Special units in the $11$th cyclotomic field

Yes. Indeed $$ (1 + \zeta + \zeta^{10}) \, (\zeta + \zeta^4 + \zeta^7 + \zeta^{10}) = 1 $$ with $\sum_i a_i = 3$ and $\sum_i b_i = 4$; now change each $a_i$ to $a_i+3$ and each $b_i$ to $b_i+3$. (This is not the only solution: $(2+\zeta+\zeta^{-1})^{-1}$ also works with some room to spare.)


If I did this right there are a total of $1045 = 55 \cdot 19$ solutions, obtained from the following $19$ basic solutions by changing $a_i,b_i$ to $a_{ri+s\bmod 11}$ and $b_{ri+s \bmod 10}$ for all $s\bmod 11$ and $r=1,2,3,4,5$:

33433433433 | 33434343433
33434243433 | 33344344333
43424242434 | 34423532443
43234443234 | 34252525243
34251615243 | 33334543333
32344444323 | 42516161524
32434443423 | 52244344225
43244244234 | 54423132445
65421012456 | 42443334424
55331213355 | 44224542244
35234243253 | 35160706153
35160606153 | 33453135433
23253635232 | 35145154153
44214641244 | 12346564321
32463036423 | 33426162433
14642224641 | 45250505254
50274047205 | 34260706243
41615251614 | 15523532551
31608080613 | 23642324632

The solutions with $\sum_i a_i \zeta_i = 1+\zeta+\zeta^{10}$ and $(2+\zeta+\zeta^{10})^{-1}$ are in the first and fifth orbit respectively. Each orbit is of size $55$, not $11\cdot 10 = 110$, because every solution is fixed by some involution $(a_i,b_i) \leftrightarrow (s-a_i,b-a_i)$.

We seek units $\alpha := \sum_{i=0}^{10} a_i \zeta^i \in {\bf Z}[\zeta]$ and $\beta = \alpha^{-1}$ all of whose algebraic conjugates have absolute value at most $37$. (This condition is weaker than the required conditions that $a_i,b_i$ are nonnegative and sum to $36$ and $37$ respectively; we check this stricter condition at the end.) It is well known that every unit in a cyclotomic number field $F_N := {\bf Q}(e^{2\pi i/N})$ is a root of unity times a real unit; in our setting with $N=11$ this is equivalent to the observation that the $a_i$ and $b_i$ are symmetric under some reflection $i \leftrightarrow s-i$. I chose representatives that make the sequences $(a_i)$ and $(b_i)$ visibly symmetric.

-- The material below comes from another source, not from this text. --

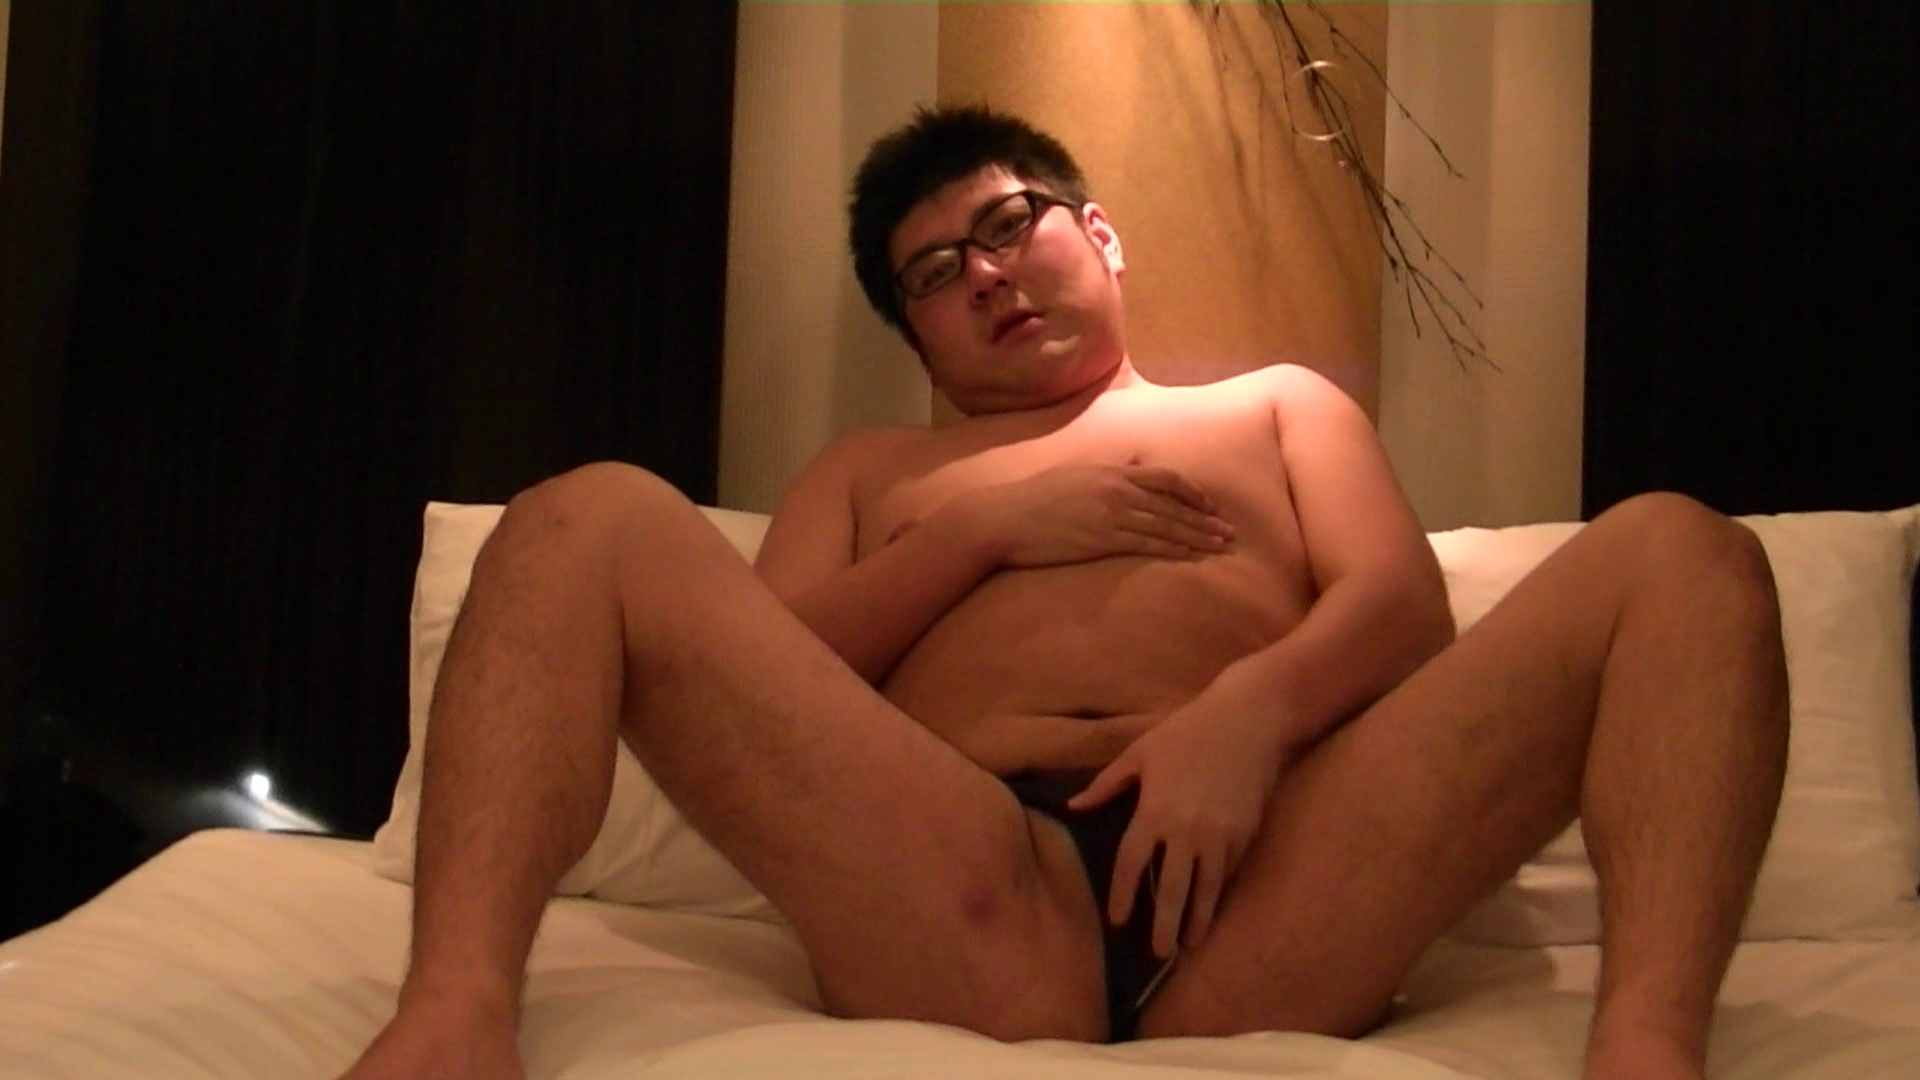 Mr.オナックスさん投稿!HD 貴方のオナニー三万円で撮影させてください。VOL.02 前編 ノンケのオナニー ペニス画像 105連発 17

Now let $v_j$ ($1\leq j\leq 5$) be the five embeddings into $\bf R$ of the real subfield $F_{11}^+ = {\bf Q}(\zeta+\zeta^{-1})$; and let $\lambda: (F_{11}^+)^* \to {\bf R}^5$ be the homomorphism $$ x \mapsto (\log|v_1(x)|, \log|v_2(x)|, \log|v_3(x)|, \log|v_4(x)|, \log|v_5(x)|). $$ The kernel of $\lambda$ is ${\pm 1}$, and the image of any element of norm $1$ is contained in the hyperplane $\{ (c_1,c_2,c_3,c_4,c_5) : \sum_{j=1}^5 c_j = 0 \}$. By the Dirichlet unit theorem, the group $U$ of units maps to a lattice in this hyperplane. For $F_{11}^+$ the units are "well-known"; we could also find generators for $U$, and thus for $\lambda(U)$, by consulting the LMFDB entry for $F_{11}^*$, or using the number-field routines of gp or similar packages.

We seek units satisfying the additional condition that $|c_j| \leq \log 37$ for each $j$. Thus they are lattice points in the sphere $$ \sum_{j=1}^5 c_j^2 \leq 5 (\log 37)^2 < 66. $$ I used the qfminim routine in gp to generate a list of all such lattice points; there are $5025$ nonzero $\pm$ pairs. For each one, I checked whether $\alpha = \sum_{i=0}^{10} a_i \zeta^i$ satisfies $A := \sum_i a_i \equiv 3 \bmod 11,$ and thus $B := \sum_{i=0}^{10} b_i \equiv 3^{-1} \equiv 4 \bmod 11.$ If so, then subtracting $\min_i a_i$ from each $a_i$ and $\min_i b_i$ from each $b_i$ makes the coefficients nonnegative. Then if $A \leq 36$ and $B \leq 37$, adding back $(36-A)/11$ to each $a_i$ and $(37-B)/11$ to each $b_i$ makes the sums exactly $36$ and $37$ respectively. Choosing one representative from each orbit yields the list of $19$ displayed at the start of this answer.